Here's an idea: New employees should excel to keep their jobs.
In his new monograph, "Good to Great and the Social Sectors," described in the January Management Matters column, author Jim Collins talks about a teacher with a surprising policy. The teacher, who is head of the science department at a high school, tells new hires that they are not likely to keep their jobs for more than three years. Only excellent teachers can stay longer and obtain full tenure, he says. Even if they're good teachers, not great ones, they won't get permanent jobs in the department.
That method is the opposite of the one used at most schools, where tenure is granted to all but the worst teachers. The same is true at most federal agencies, where a yearlong probationary period for new hires is "a mere formality," a recent report stated. The Merit Systems Protection Board found that new employees are largely considered full-fledged federal workers with all the civil service protections that come with that status-even though probation is supposed to be a time to test out new candidates, and when the burden is technically on the employees, not the government, to show why they should keep their jobs. "To look at a probationer as a candidate for final appointment and not as an employee with the full protections of federal employment may require a dramatic shift in culture and mind-sets," said the August MSPB report, "The Probationary Period: A Critical Assessment Opportunity."
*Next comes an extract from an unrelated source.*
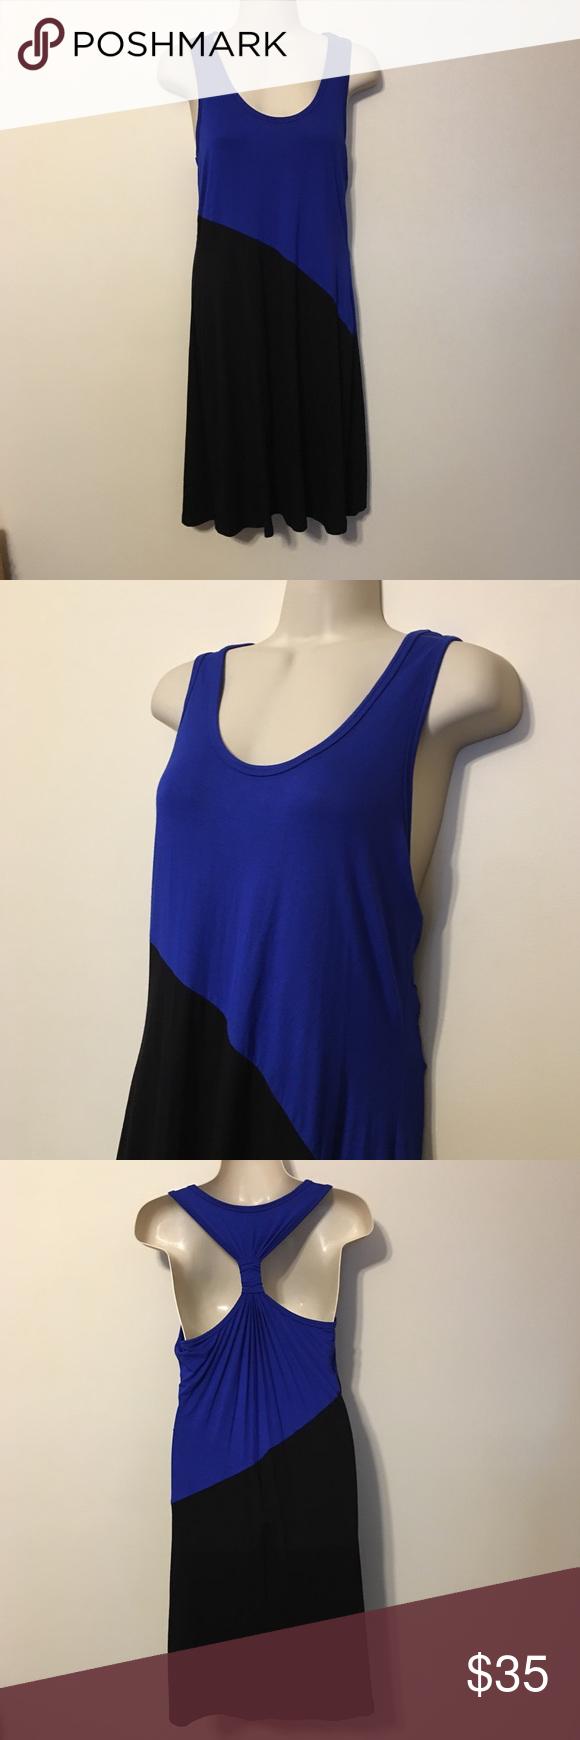 Calvin Klein Black & Blue Colorblock Dress Calvin Klein Black & Blue Colorblock Racerback Dress Calvin Klein Dresses Midi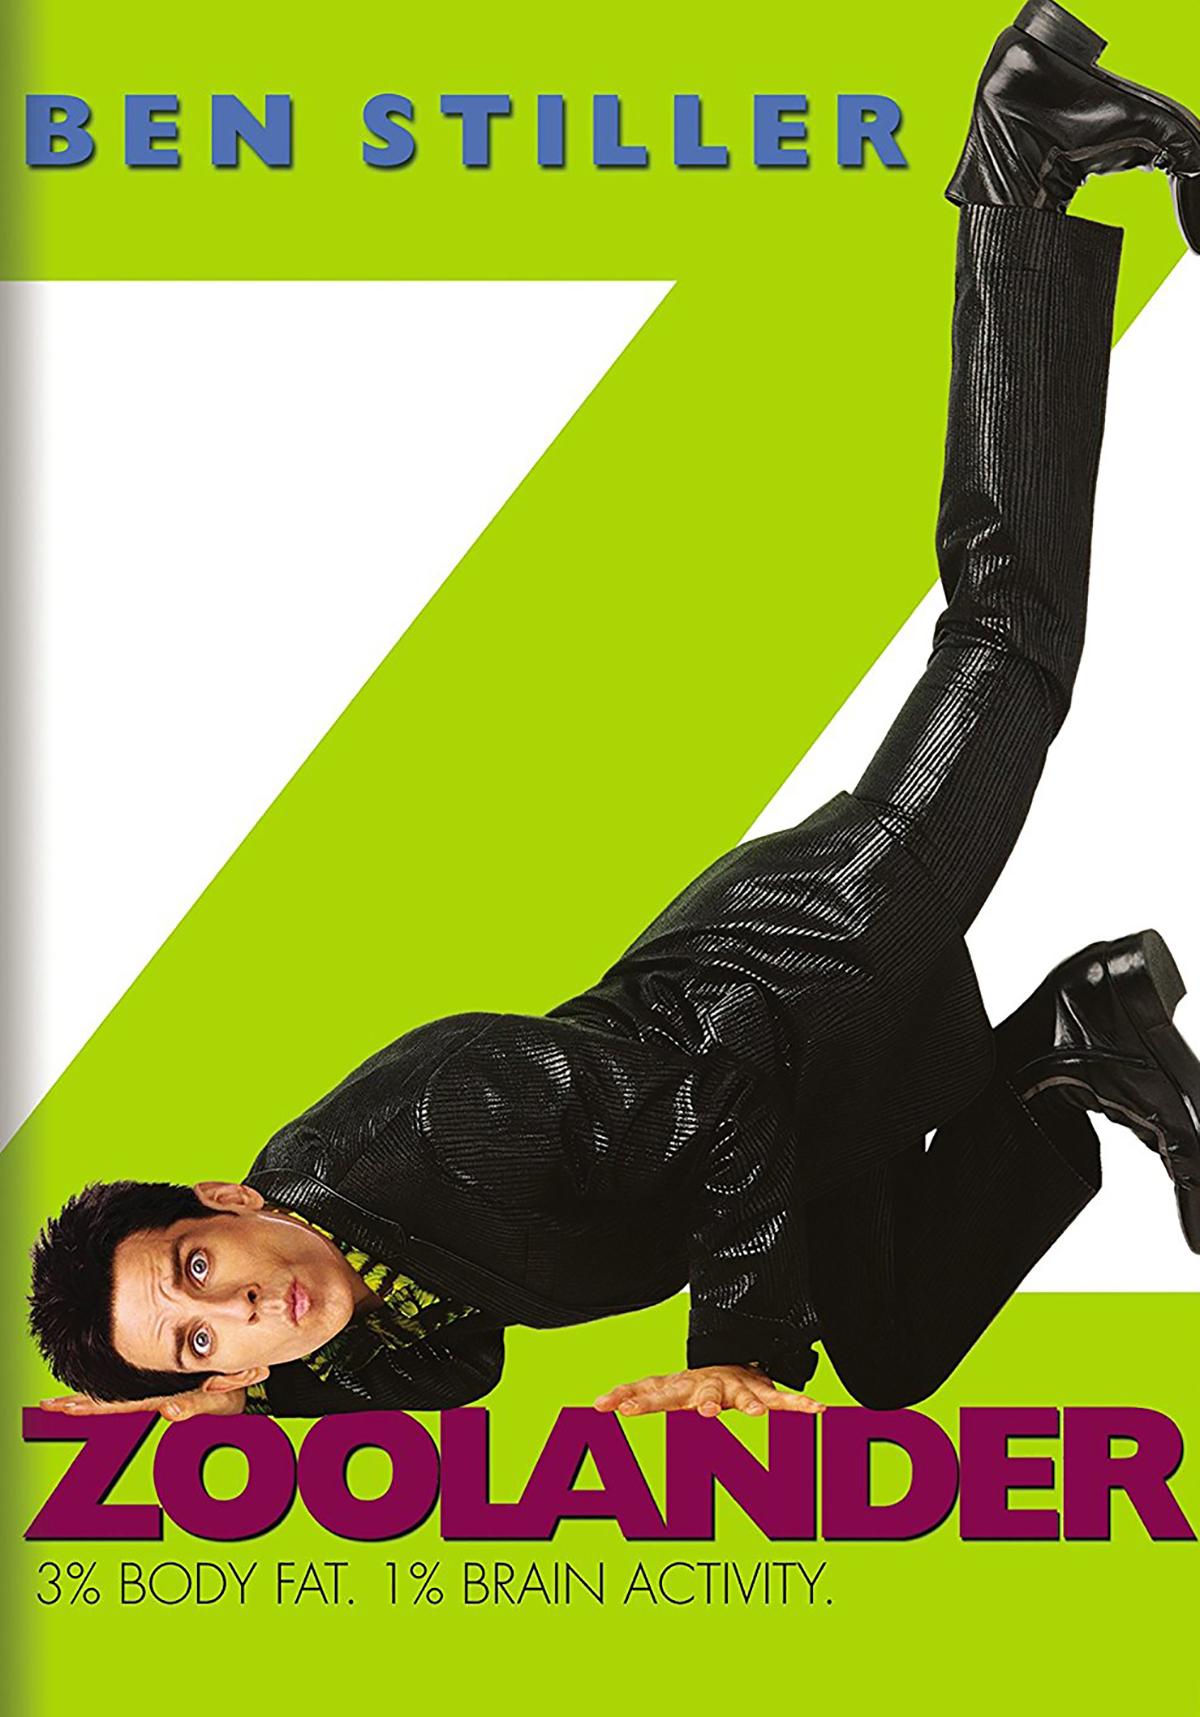 DVD Review: Zoolander - Slant Magazine

Many managers think their hiring task is over once they select a candidate from the applicant pool. While good selection processes generally yield strong employees, sometimes excellent applicants do not make excellent workers. Under current practice, federal managers generally get stuck with whomever they've hired because they don't take advantage of the probationary period, after which civil service protections for federal employees make firing a laborious task. The MSPB found that many new hires didn't even know they were serving in a probationary status. No one had told them.
One reason federal managers don't use probation to weed out mediocre employees is that their agencies don't give them the leeway allowed under the law. Agencies require managers to go through standard civil service disciplinary procedures, even though the law would allow them to more easily remove employees who are good but not great. Another reason is that federal law only allows for a one-year probationary period-not enough time for managers to evaluate an employee's effectiveness in complicated jobs. (Because their first year has a steep learning curve, teachers get three years.)
Regardless of the current restrictions, federal managers could take better advantage of the probationary period, according to the MSPB report. "Probationers should be notified, before accepting a job offer, that they will be probationers and what that means," it stated.
Flipping the probationary period on its head, from a time after which only the worst employees don't keep their jobs, to a time when only the best get to stay, is no small feat. The science department head whom Collins profiled gave a new teacher three years to prove herself, but decided she was not good enough. That was not easy news to tell her. But the department was better off for it-and so were students, because an excellent teacher replaced her.
Making the probationary period mean something might not be a good change for decent-but not great-employees. But it could be a great change for the people who depend on an agency's services.